* TASK *
Return all of the data below verbatim and exclude every picture.
[[ MATERIAL PROVIDED, beginning ]]
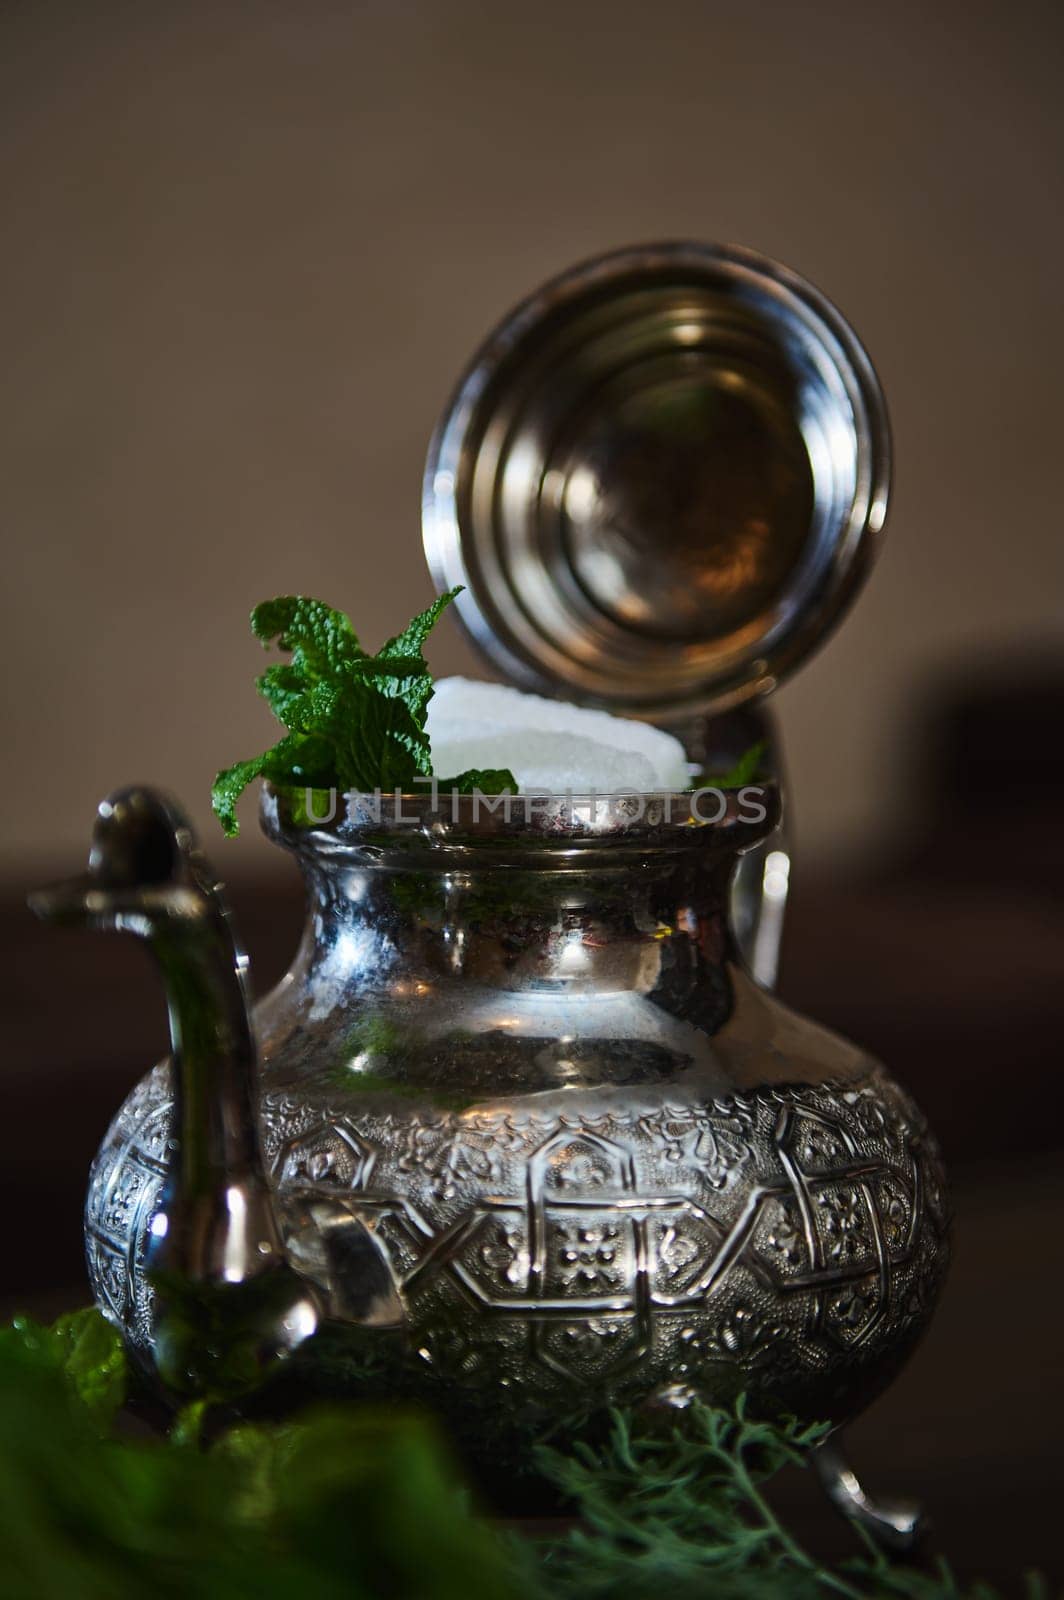 Moroccan tea a la menthe by artgf
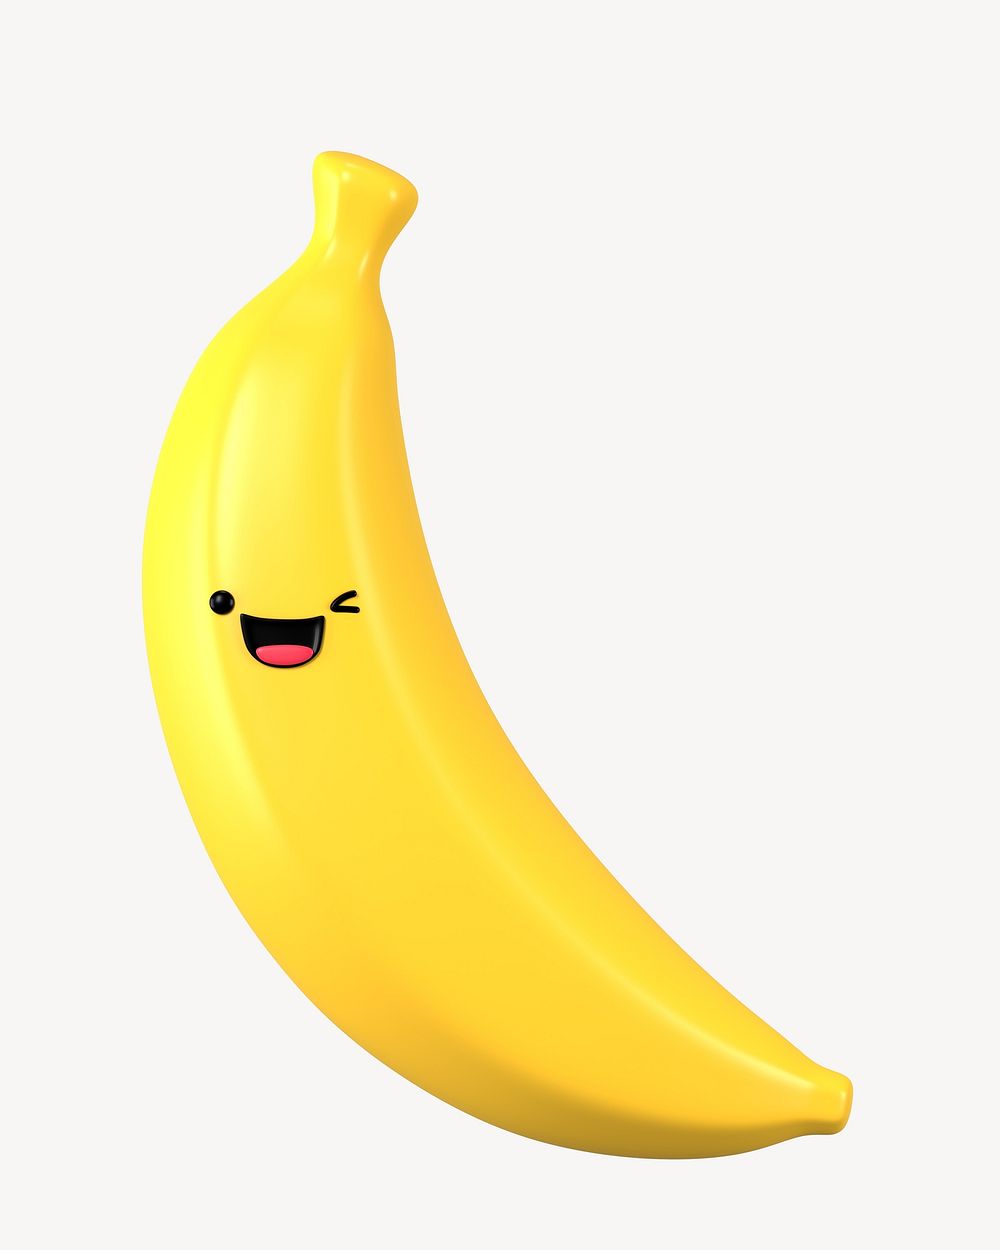 3D winking eyes banana, emoticon illustration
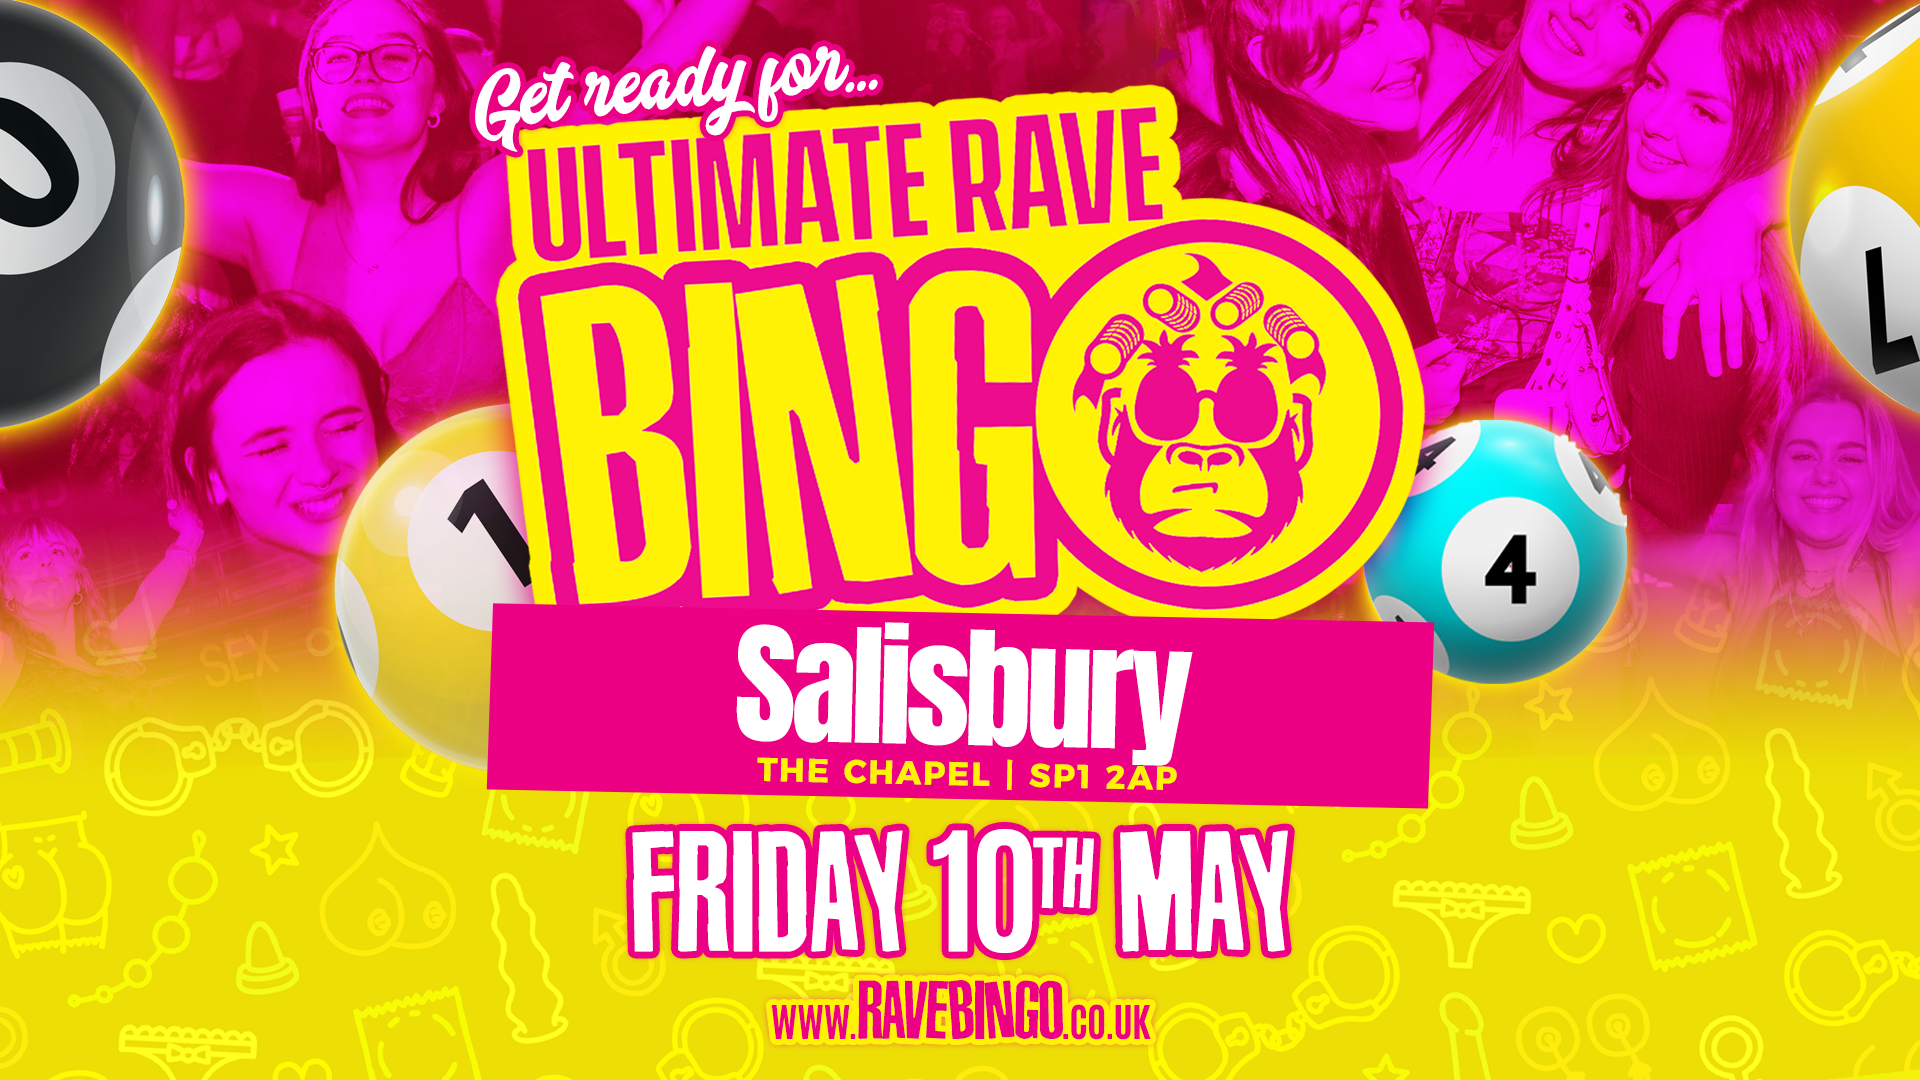 Ultimate Rave Bingo // Salisbury // Friday 10th May
[[ MATERIAL PROVIDED, end ]]
* ANSWER TO THIS PROBLEM *
 Moroccan tea a la menthe by artgf
 3D winking eyes banana, emoticon illustration
 Ultimate Rave Bingo // Salisbury // Friday 10th May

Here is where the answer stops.